Collected material:
————————

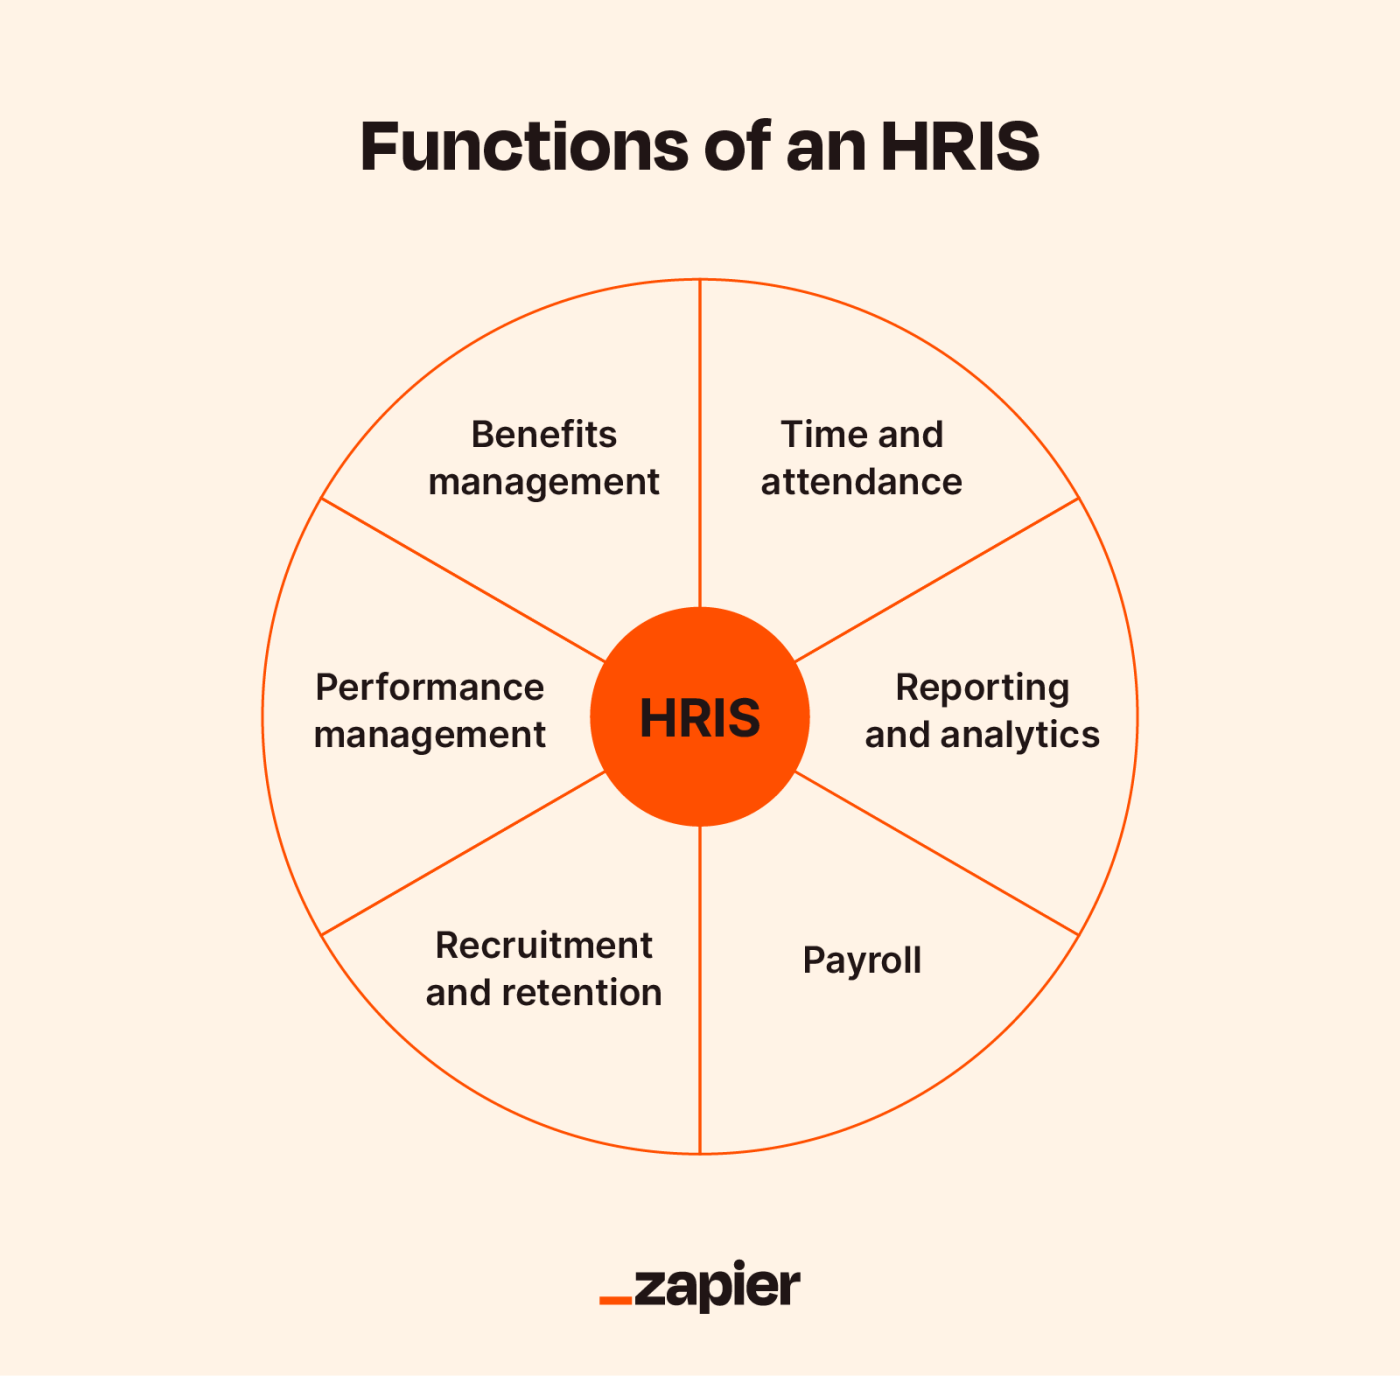 Illustration of a wheel shape on a tan background titled "Functions of an HRIS," with wedges that say: time and attendance, reporting and analytics, payroll, recruitment and retention, performance management, and benefits management
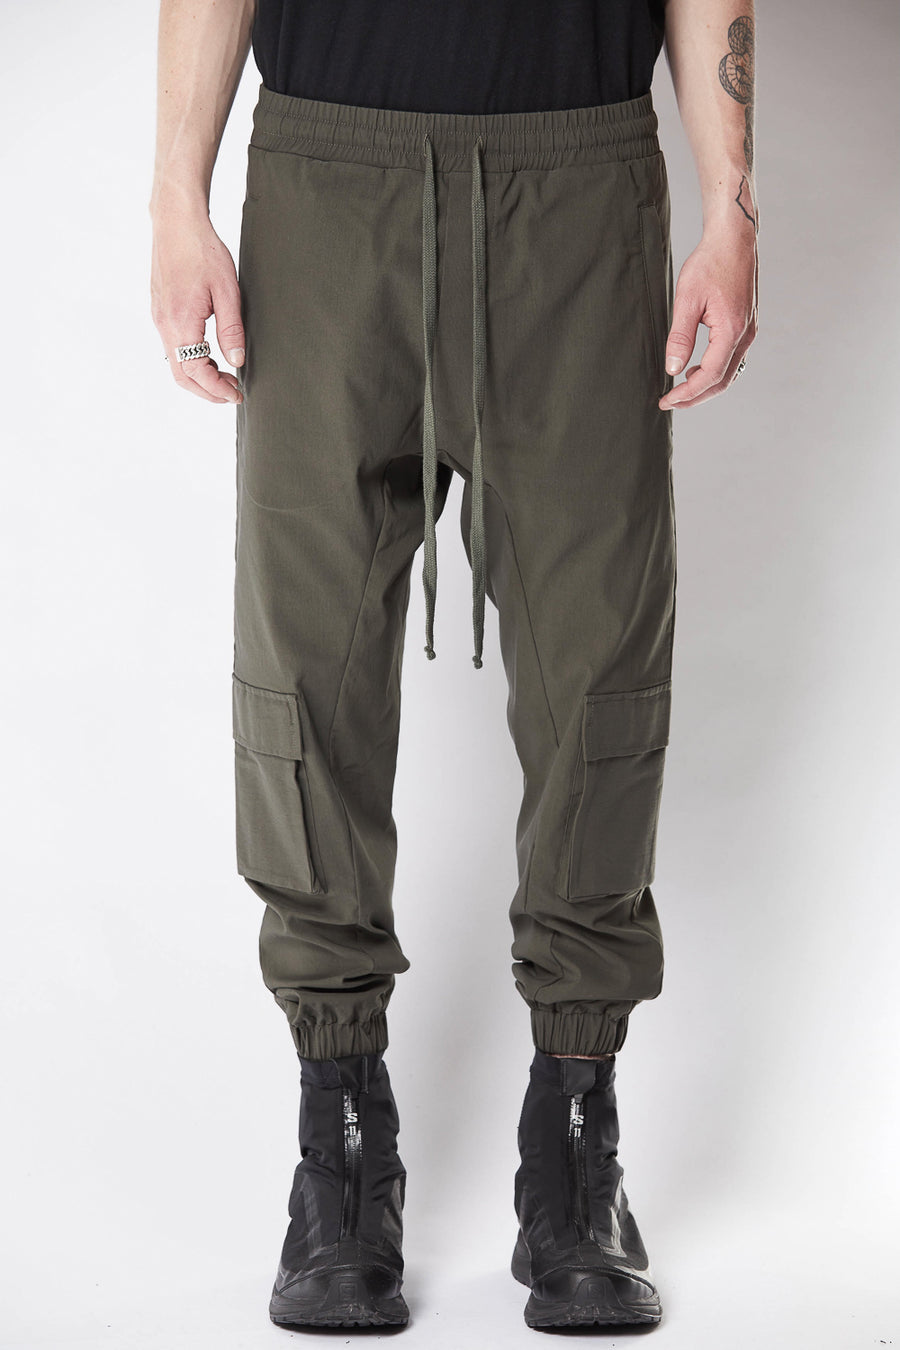 Buy the Thom Krom M ST 436 Sweatpants in Green at Intro. Spend £50 for free UK delivery. Official stockists. We ship worldwide.
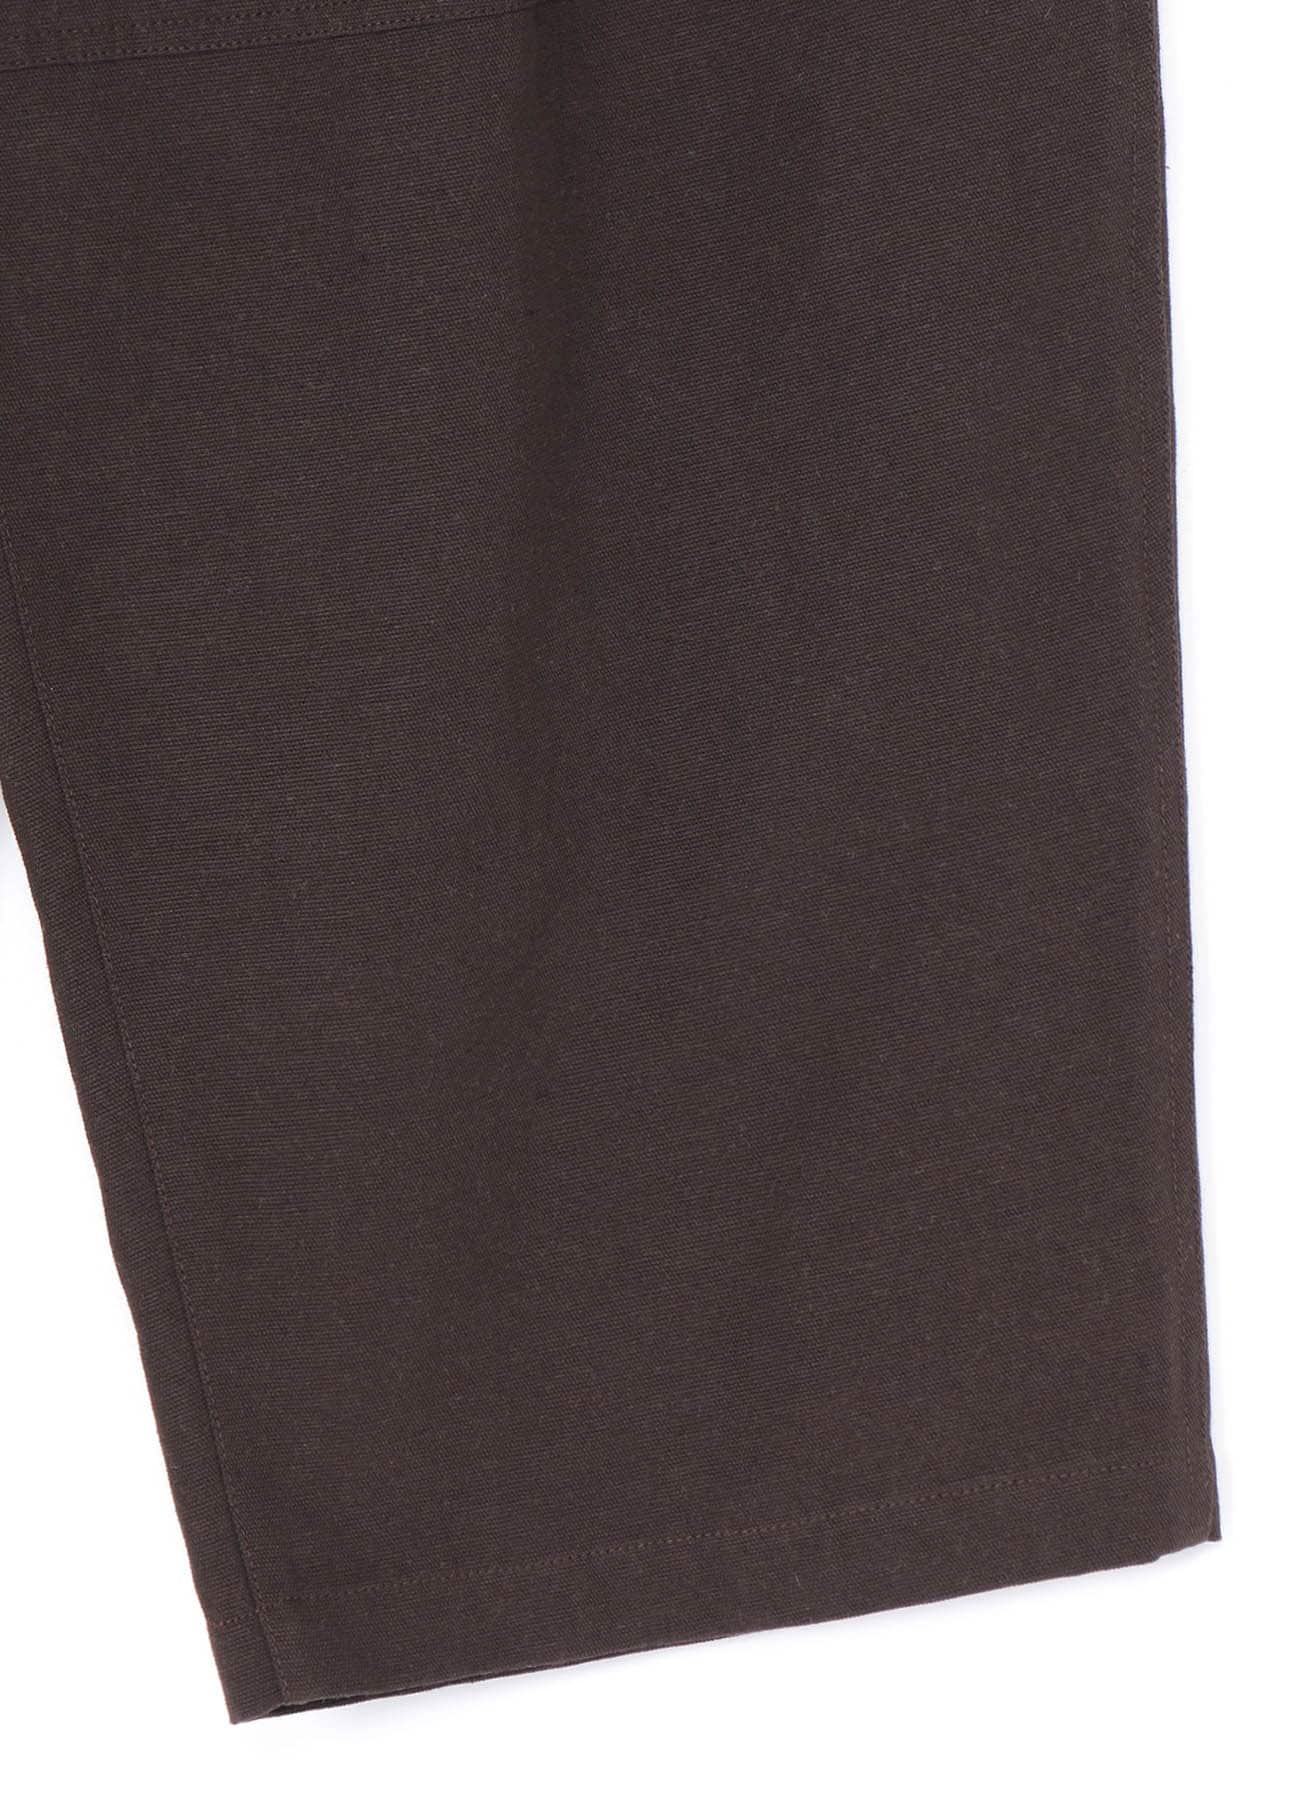 COTTON FLAX WOOL OXFORD SIDE ACTION PLEATS PANTS

————————

Task description: Starting at the line that contains "Buy the Thom", output every line through the end of the data, both ends included, and nothing else; pictures stay out.

Exercise response:
 Buy the Thom Krom M ST 436 Sweatpants in Green at Intro. Spend £50 for free UK delivery. Official stockists. We ship worldwide.
 COTTON FLAX WOOL OXFORD SIDE ACTION PLEATS PANTS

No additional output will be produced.